Different Perspectives – Remember the gold versus blue dress debate a few years ago? People on-line were enraged! The photo in this post is another famous example. The last two weeks with the Black Lives Matter movement brought up how hard it can be to see things from another perspective. Imagine what that does to collaboration, especially when people build strategies around their different assumptions. Once we’re invested, we fight hard for our positions, and selectively look for evidence that supports our point of view.
Identity – Identity may be the most resistant to change. When we have to consider that our point of view, which drives our actions, could have a negative impact on someone else, it’s tough. Most of us identify with being good people, and with being right. Having that challenged goes to a place we’d like to avoid.
In a recent session, two team members got into a tense exchange that ended with, “Fine. We’ll do it your way.” Their boss, who was also on the call, reached out the next day to tell me she was surprised to hear backlash. She told me that she had taken those words at face value. She was in a perspective driven by a strong value that says, “Onward and upward! Let’s get it done,” and that is core to her identity. So she didn’t pick up on the tension that others did. To her credit, she wanted to explore it more so she and the team could learn from it and resolve it.

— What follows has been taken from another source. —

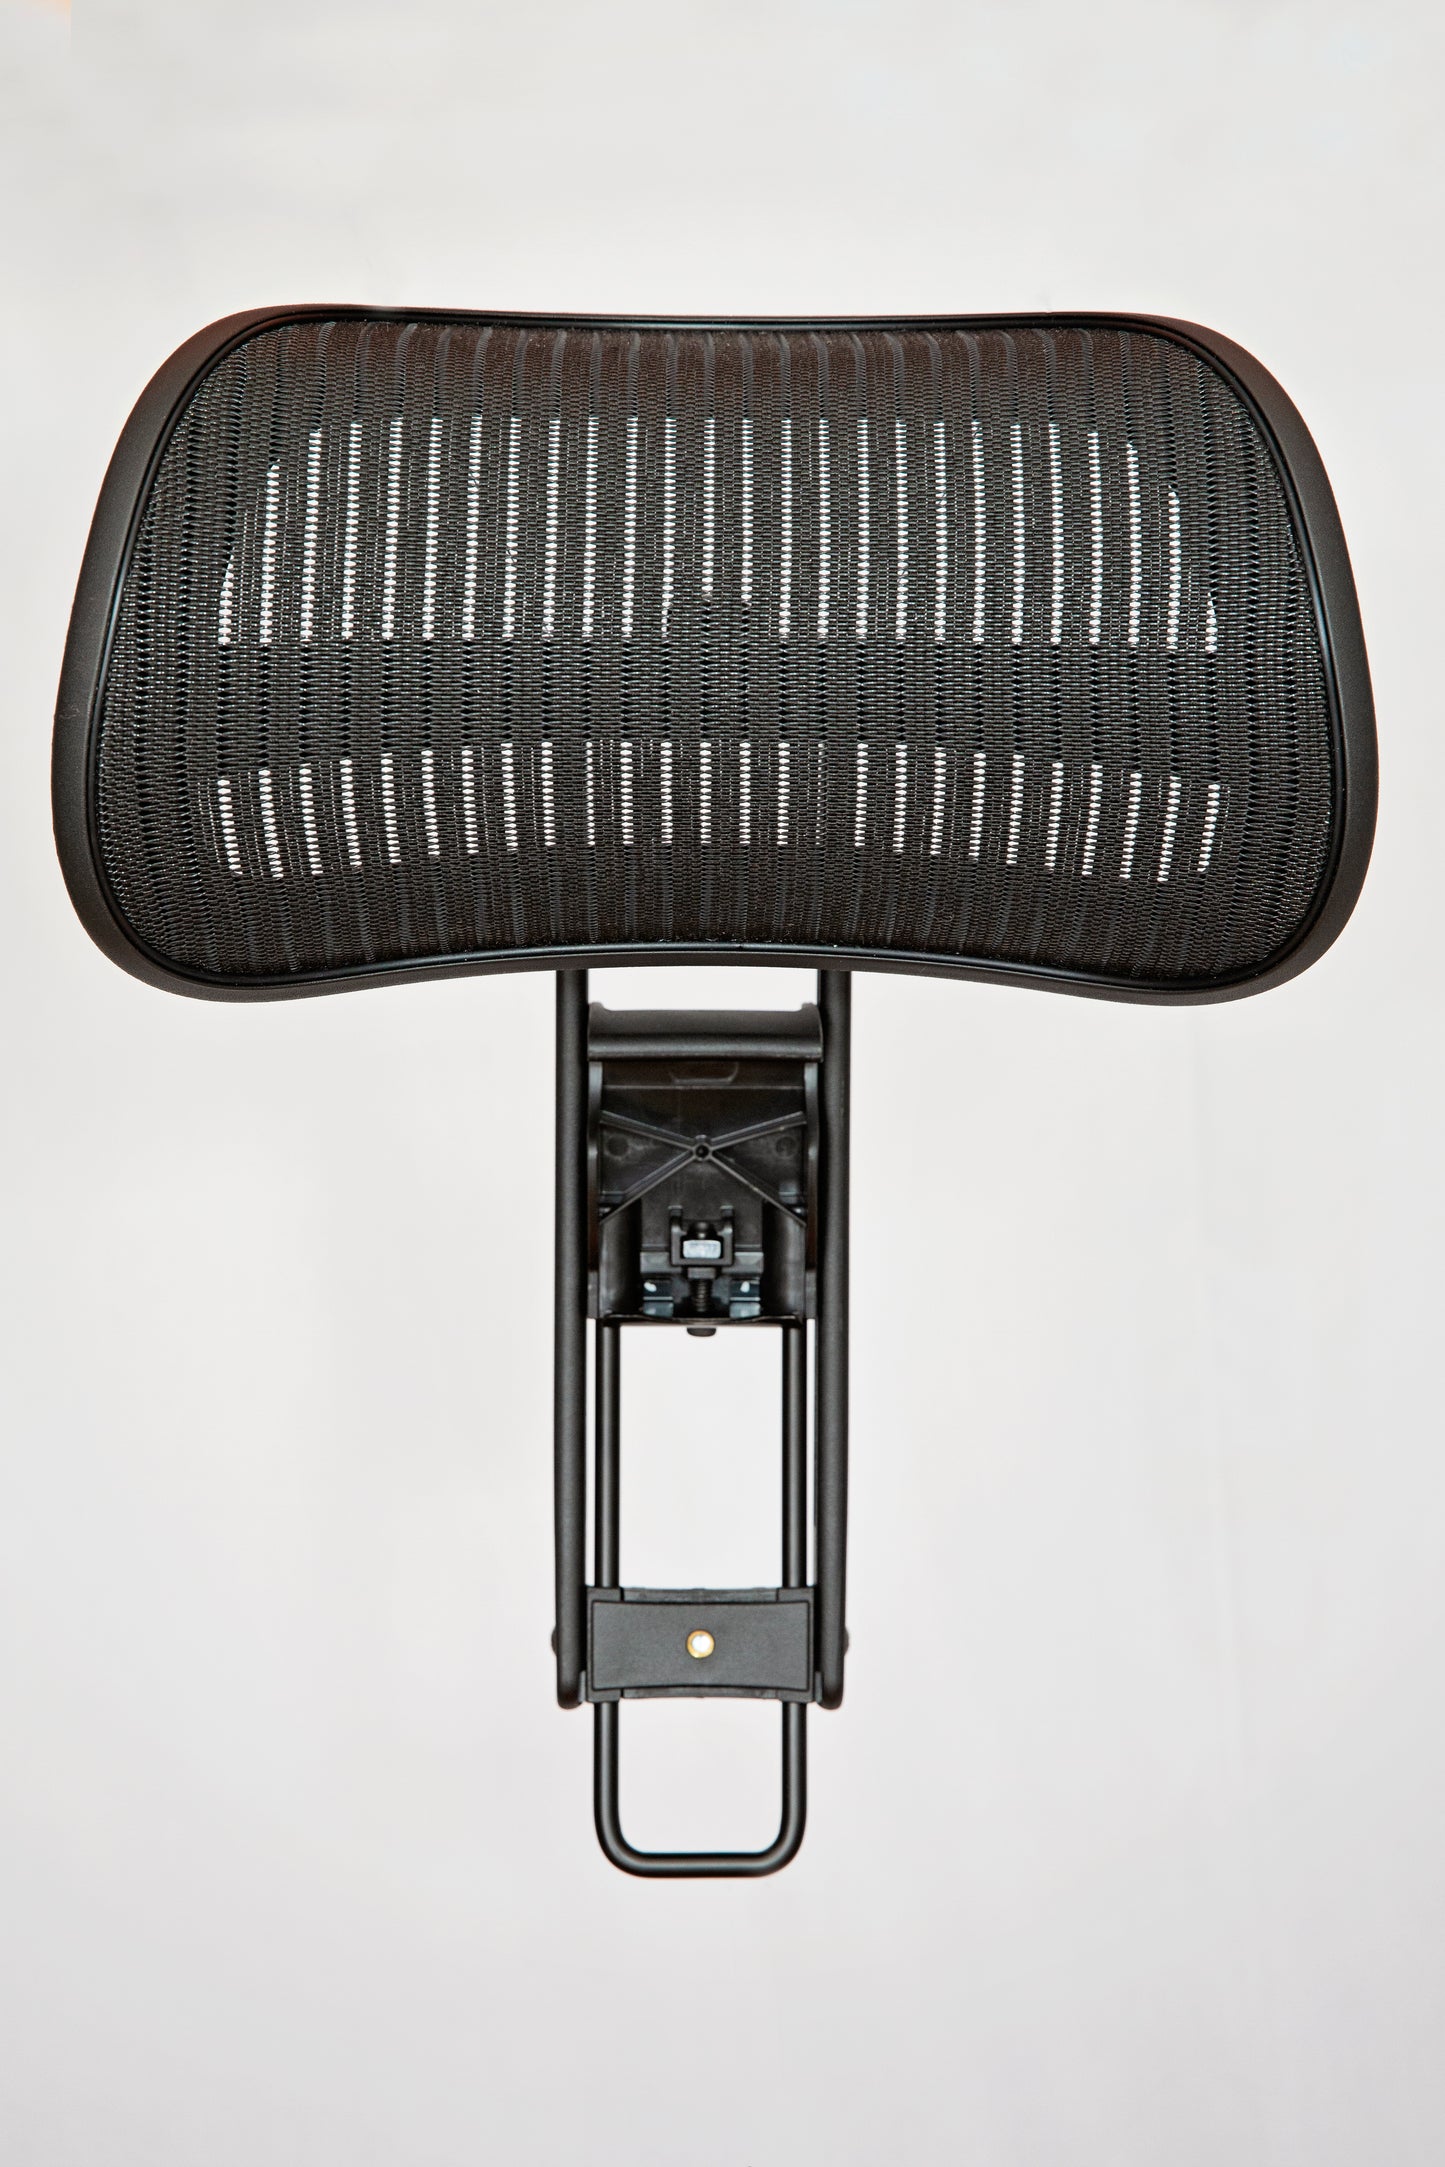 Atlas Cushion Headrest For Herman Miller Aeron Chair

Taking a fresh look at the habits, perspectives and identity is challenging. Organizational change is hard, but it’s also doable. And it’s worth it. I believe that we have a unique opportunity to drive real change right now, in the world, and in our workplaces. When we are connected, open and share deep trust, we can do amazing things. There’s a great book called Immunity to Change by Robert Kegan and Lisa Laskow Lahey, that talks about the role of identity in our resistance to change. Take a look.